An exact repeat is needed of the lines from the one with "Homme grincheux f?ch?" through the last line of the data below. Please omit the pictures.

::: Data below :::

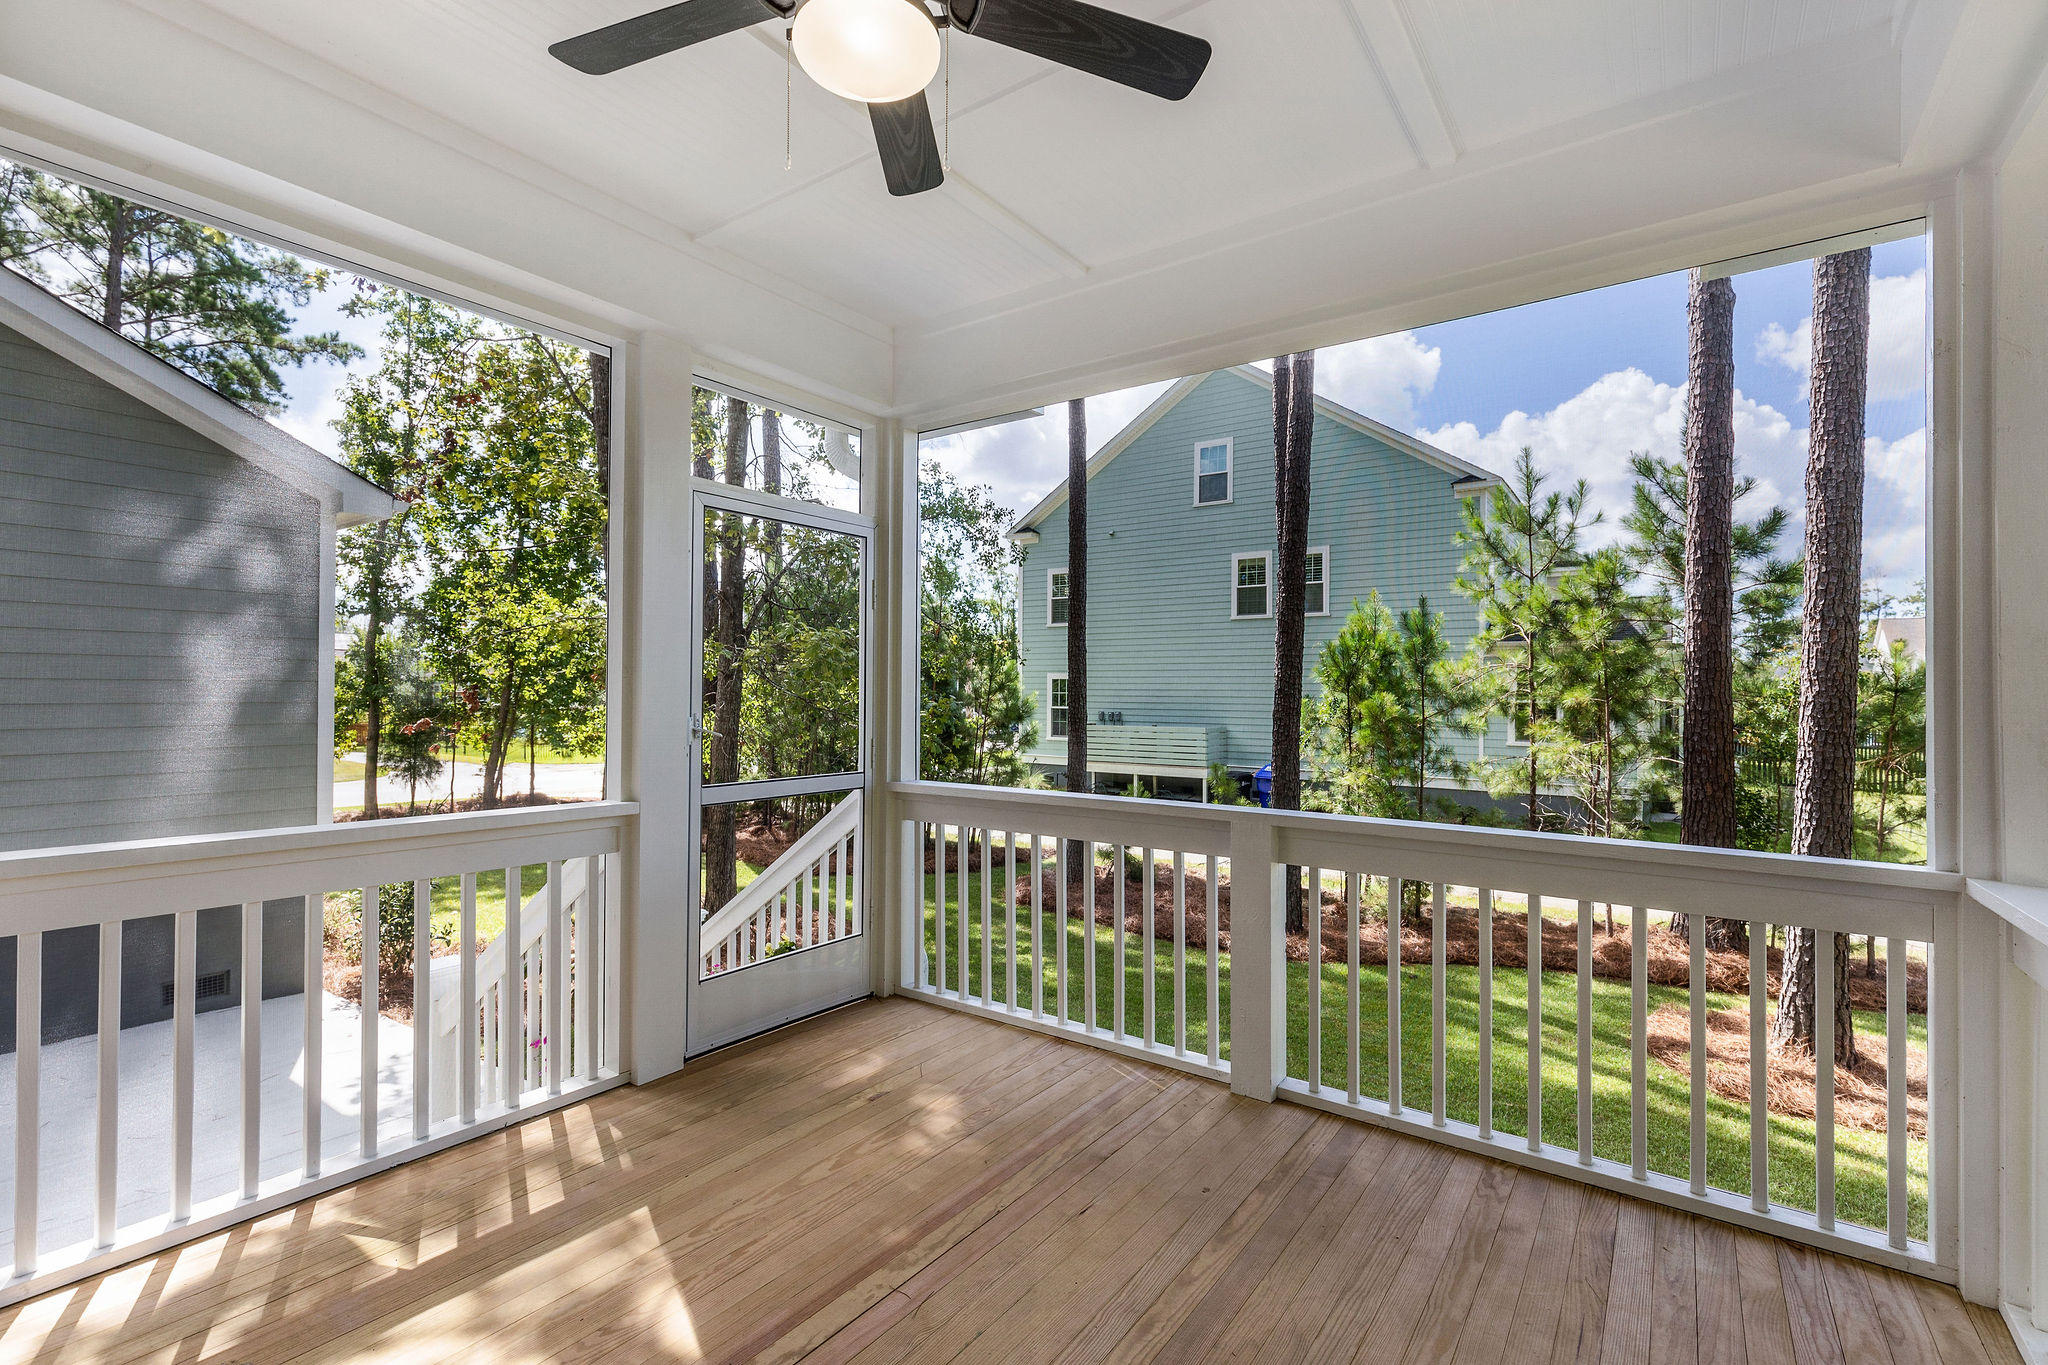 Park West Homes For Sale - 2291 Middlesex, Mount Pleasant, SC - 62
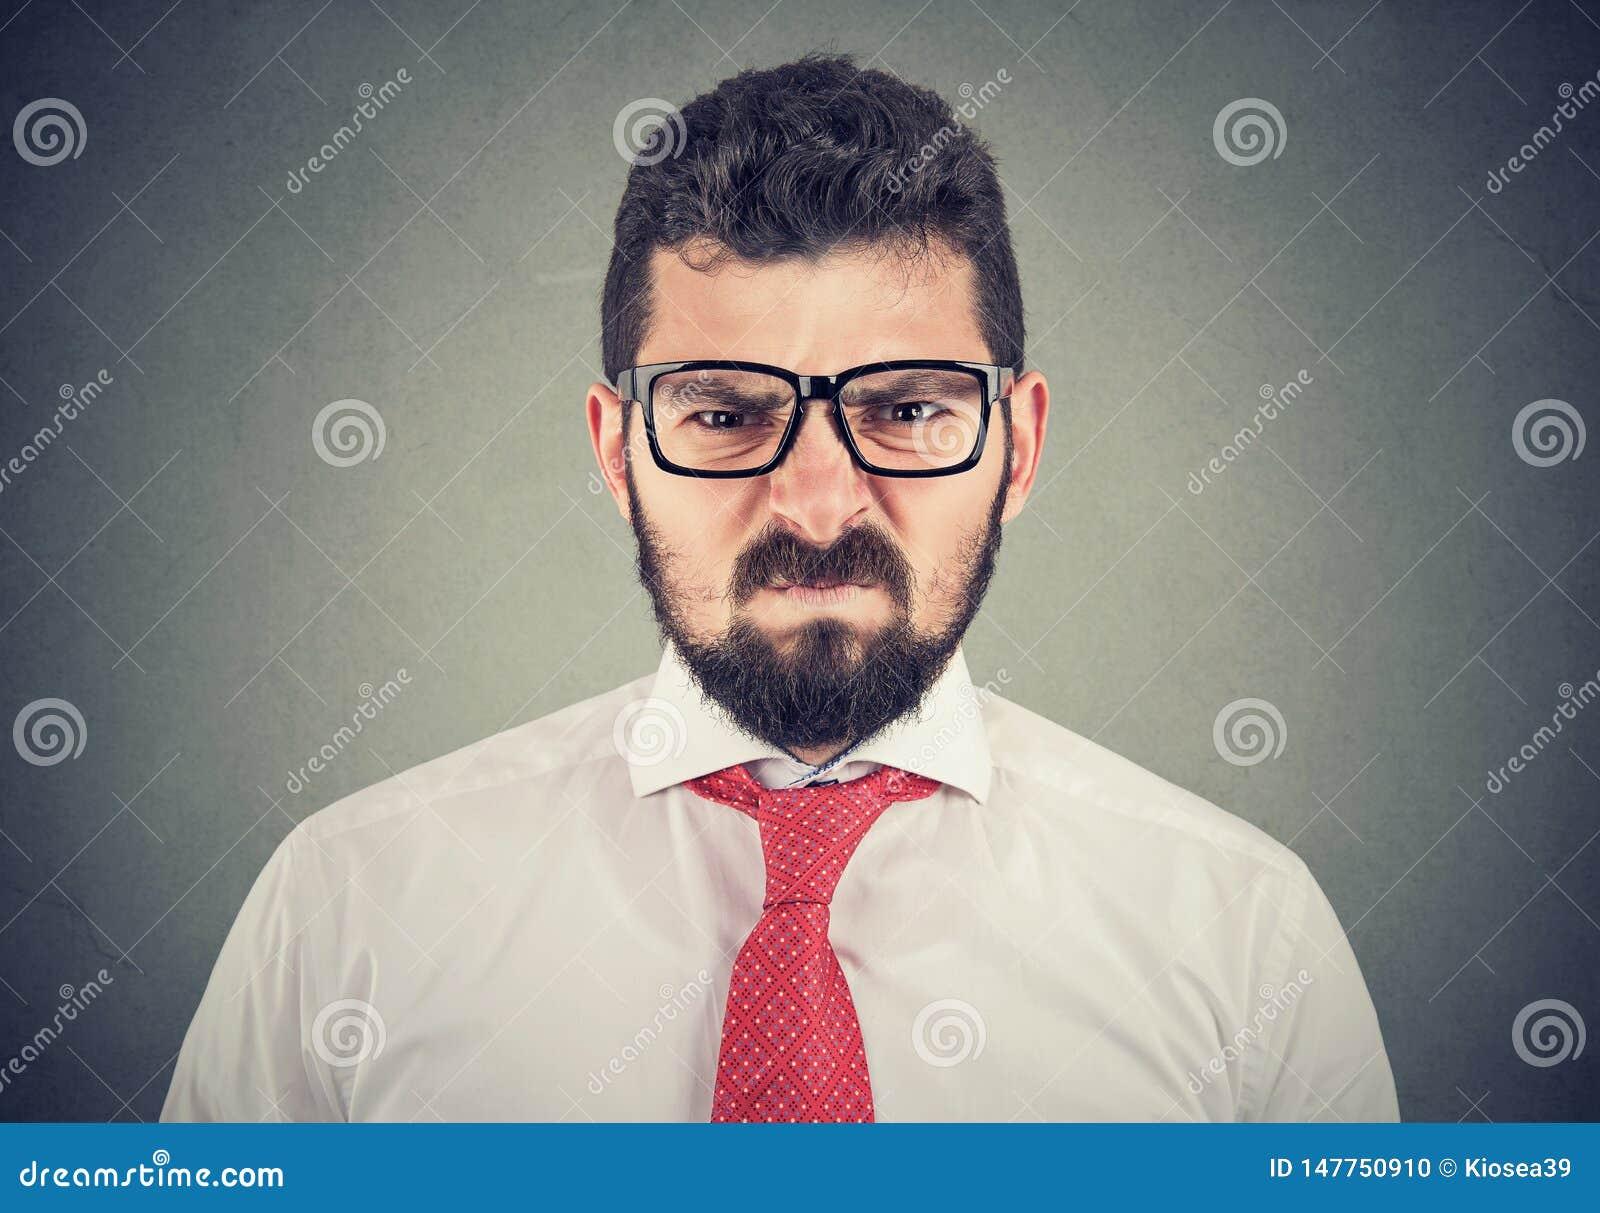 Homme grincheux f?ch? regardant tr?s contrari?
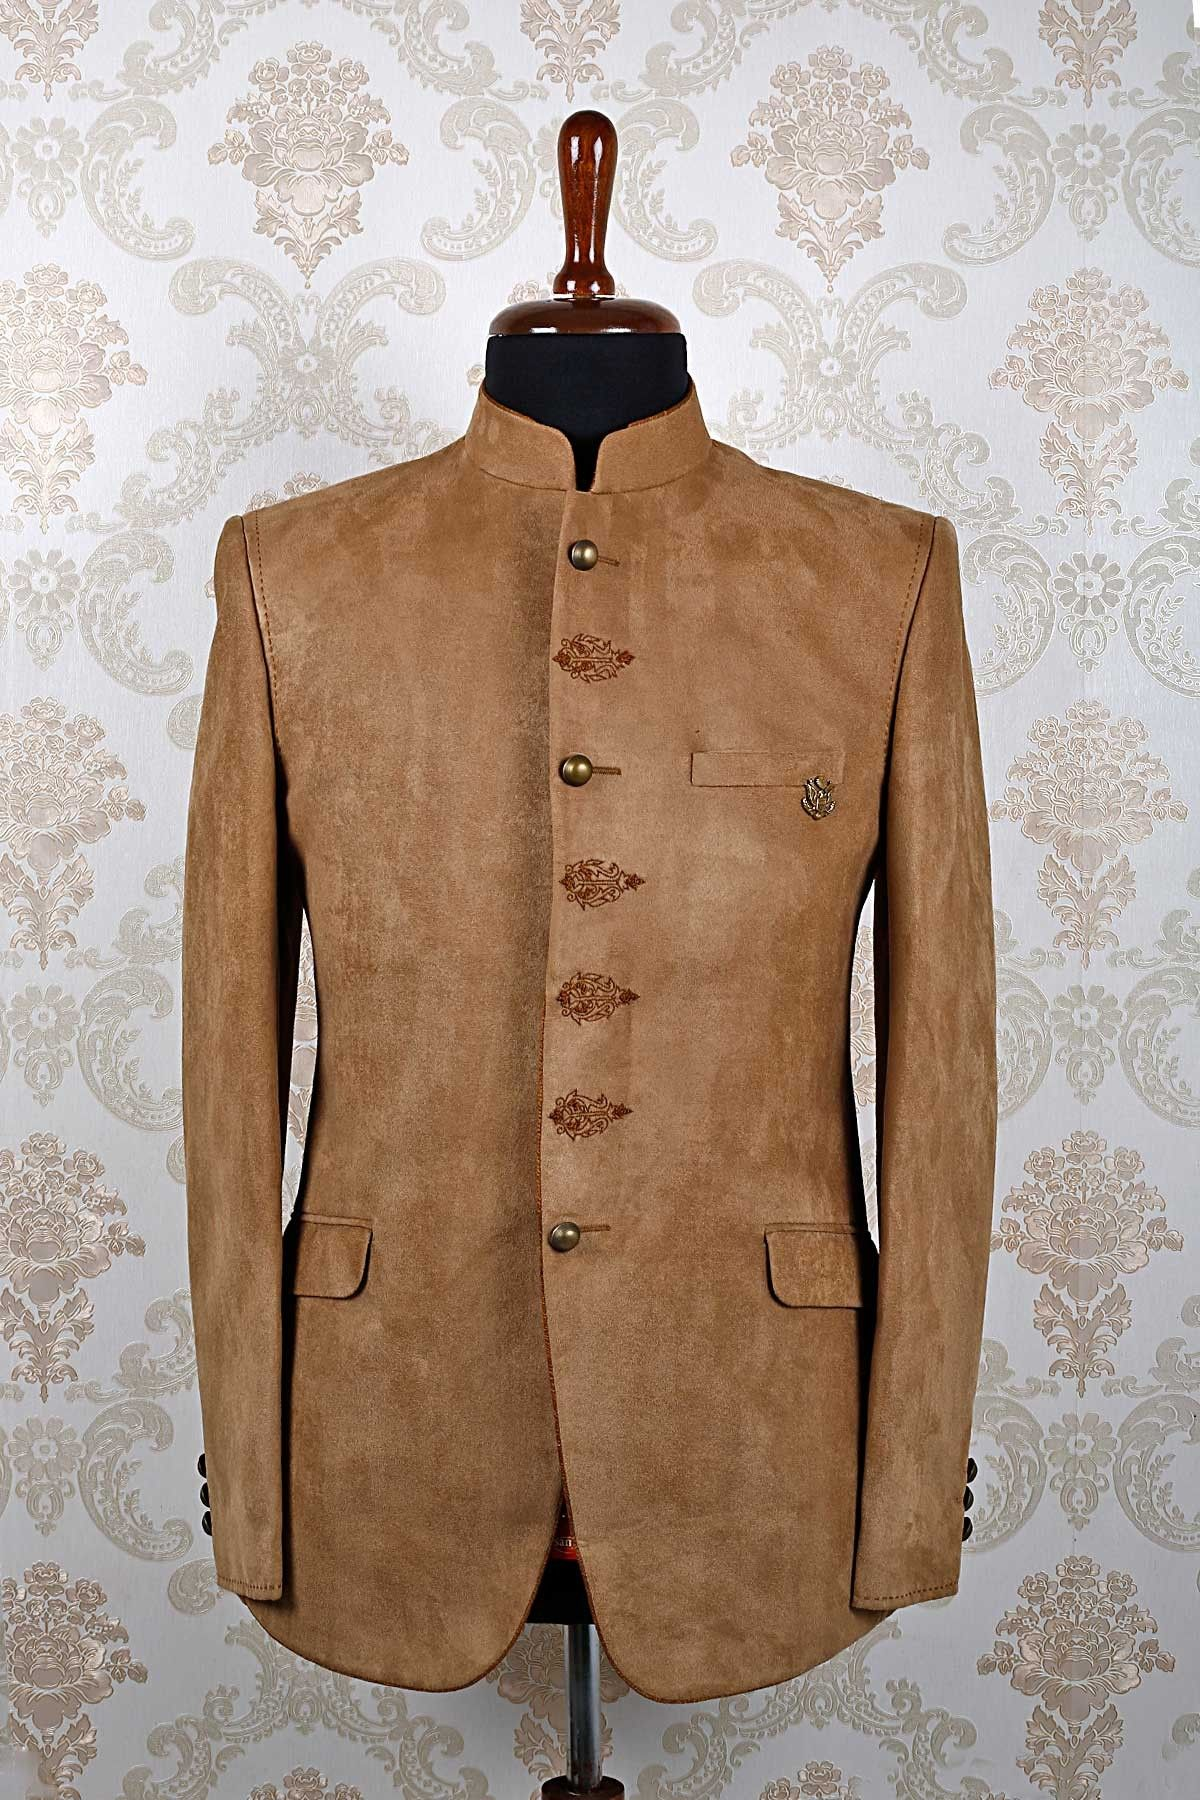 Mandarin collar flannel  Light brown italian dashing slim fit suit with mandarin collar

:::

[Written solution]
 Homme grincheux f?ch? regardant tr?s contrari?
 Mandarin collar flannel  Light brown italian dashing slim fit suit with mandarin collar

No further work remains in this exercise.